How fast is your camel?

Everything used to be different…

… because customers were still actively looking for protection then! To put it bluntly, why not now? Especially since the industry is celebrating growth in almost all areas. Admittedly, liability insurance is in the upper range in terms of its market penetration. Only the overall market penetration is far from the 100% mark (see table). The OECD statistics show insurance penetration as a percentage, measured by premium sum in relation to gross domestic product (GDP). While it is almost 50% in Finland, it settles at only 7% in Germany. Has the desire for security or “insurance” in this country changed over the years?

Once upon a time there was the Babylonian King Hammurabi. A clever little fellow. Almost 4,000 years ago, he had already recorded the distribution of risks and compensation for damages in the “Codex Hammurabi” on huge stone obelisks (which, by the way, can be seen in the Louvre in Paris). Babylonian caravans gave “a tithe” of their profits at their destination. This was used to compensate robbed caravan traders. The concept was as simple as it was ingenious: for example, if a caravan spotted robbers on fast horses on the horizon, they would try to escape. The merchant with the slowest camel would throw down his goods and escape with at least his life. Everyone paid him his share in solidarity. It was a small loss for all, rather than a disaster for one. No one questioned the system, everyone could afford it, and everyone went along with it.

A perfect system – this first insurance! But…

How would we deal with such insurance today? In the course of competition and the search for lucrative target groups, the question of all questions would come sooner or later:

“How fast is your camel?”

Dealers with the fast camels would have a much lower risk and would therefore not have to pay 10% of their profit, but perhaps only 3%, which then leads them to ask: “What should happen to me with my fast camel and why do I need insurance at all?”

However, the traders with the slow camels would then have to pay many times more and would soon no longer be able to afford the insurance. What would be left would be the dealers with average speed camels.
What does this look like in reality today? As soon as the market was liberalized, this risk selection virtually cut off potential target groups. Instead of fast or slow camels, a distinction is now made according to more or less risky professions or activities, then particularly risky hobbies are also given high premium surcharges or sorted out completely, and finally an increased risk is also determined on the basis of the state of health. Or why do only 25% of the working population have an (in my eyes) important occupational disability insurance?

Non-smokers, for example, do not want to co-finance the vice of smokers with your contributions. But let’s face it, “Let he who is free from guilt cast the first stone.” What about the non-smoking people who sometimes consume a little more alcohol, simply eat an unhealthy diet, or don’t exercise enough? There is no bonus/malus system for them. Anyone who gets a hankering for wingsuit flying or becomes a chain smoker after taking out a policy does not have to re-register this and remains insured at original conditions.

Opinions certainly differ widely between individual risk pricing and standardized premiums. But is that why insurance companies are in a bad light today? No matter who you ask, insurance tends to top the “most wanted” hit list from the bottom.

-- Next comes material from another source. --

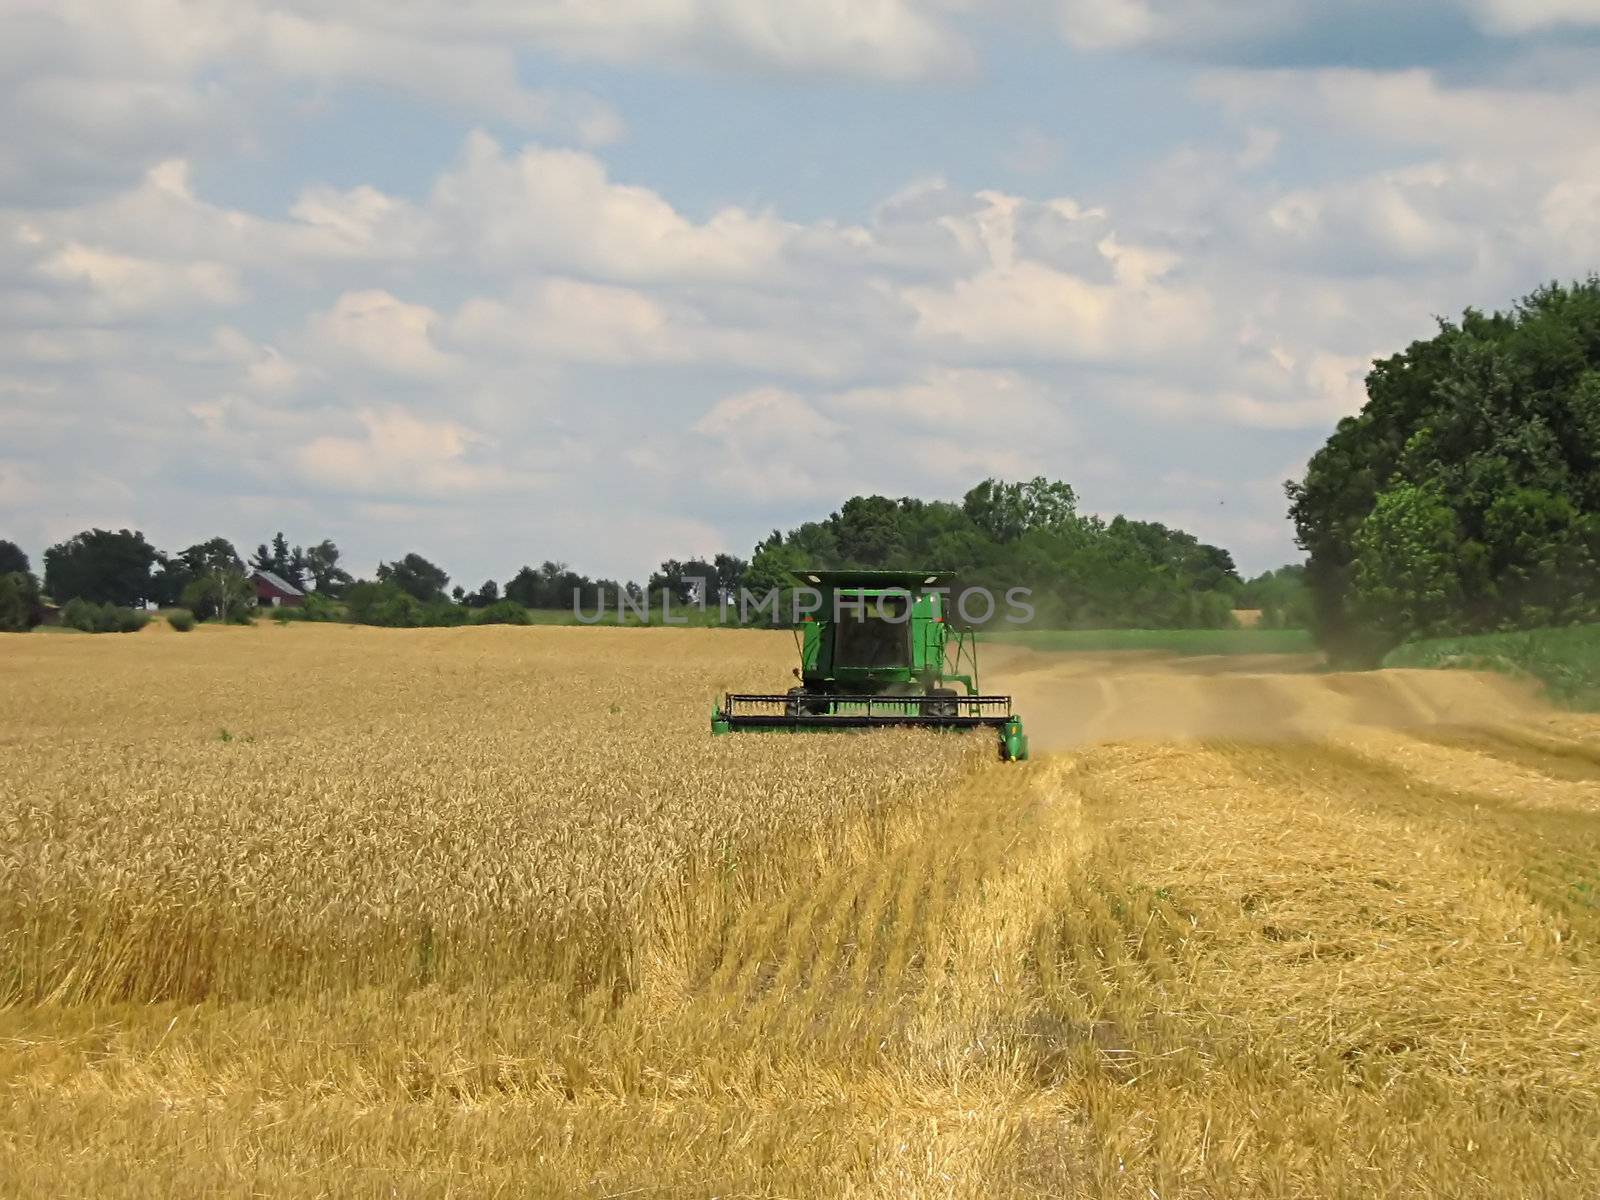 A photograph of a combine harvesting crops.
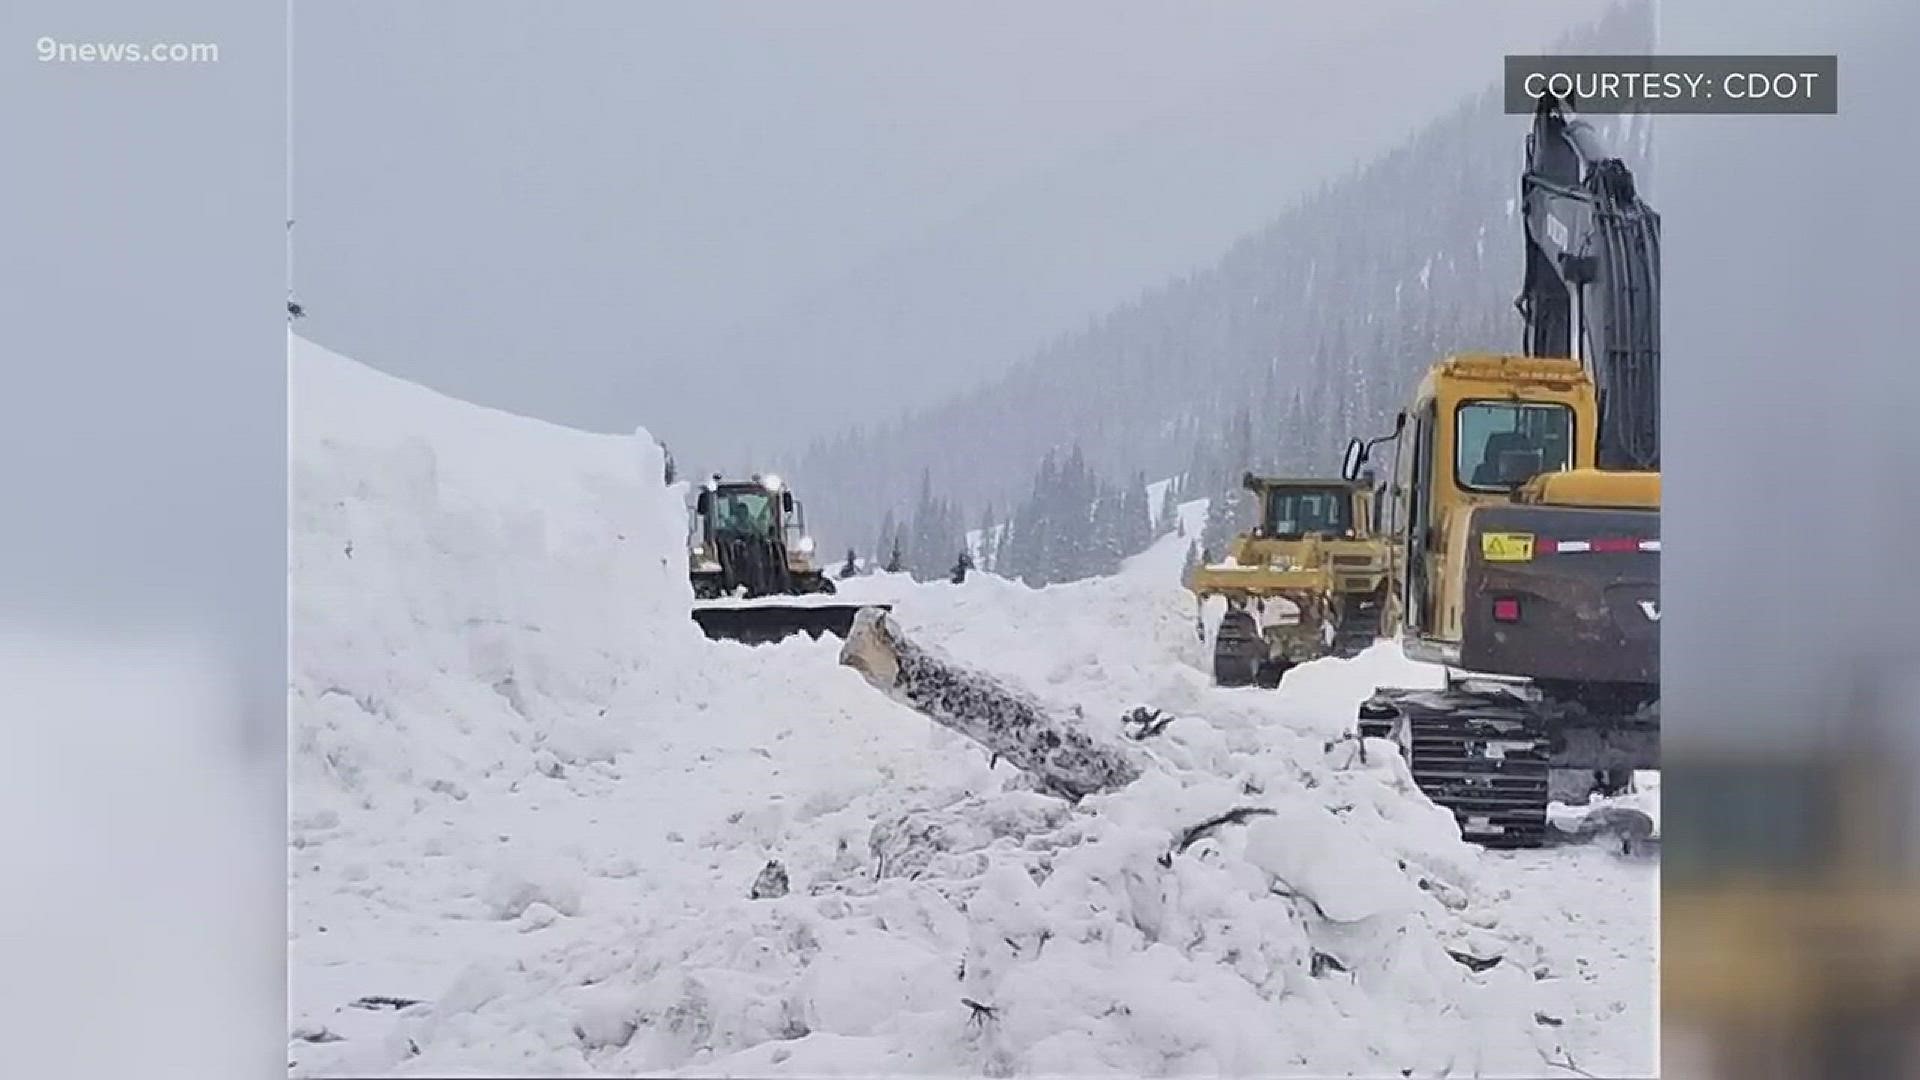 Avalanche mitigation last week pushed 40 feet to 60 feet of snow onto Highway 550. CDOT estimates the stretch of highway will be closed for about another week.

In addition to the individual price structure, the risk questions have opened a Pandora’s box, so to speak. Every risk question inevitably increases complexity. To stay with the example: Can the trader evaluate whether his camel is fast or slow compared to the rest of the caravan? Is it always equally fast, or does it have a bad day?

In the event of a claim, it is then checked whether he gave correct information at the time. In today’s world, we don’t have just one question, but several dozen – sometimes highly complicated – application questions, depending on the product. The risk that customers then inadvertently provide incorrect information leads to disputes when claims are rejected. When I think back to the statements of my acquaintances, I now find several points that simply didn’t exist before:

  • too complicated
  • too expensive
  • they do not pay anyway

Should we now go back to the old system with one-size-fits-all pricing?

The insurer who takes this step would then only get the “slow camels” as customers in free competition, while the “fast camels” would then insure themselves with the cheaper competition.
This cannot be reversed.

So we need a pioneer to design a new type of product that can set up pricing without competitive pressure and without application questions. Of course, the premium may be adjusted to the value of the risk to be insured. But how do you take the complexity out now?

In today’s networked world, it is very easy to obtain essential information from a third party without bothering the customer. I once worked with a very large reinsurance company to develop a digital occupational disability insurance policy. The risk managers insisted on application questions instead of external data sources because “you can’t check whether the information is correct” and “you can’t then refer customers to a pre-contractual breach of the duty of disclosure.” In other words, “reject it.”

But that’s exactly the point. If we had reliable data from a third party, checking for a pre-contractual breach of the duty of disclosure would be obsolete and the claims processing process would be much faster and more customer-friendly.

We are seeing the first attempts at this in the area of motor vehicle insurance with telematics tariffs and soon also in pet insurance. But they only supplement and do not replace application questions. When will we see a customer-friendly solution for really complex products that does away with application questions altogether?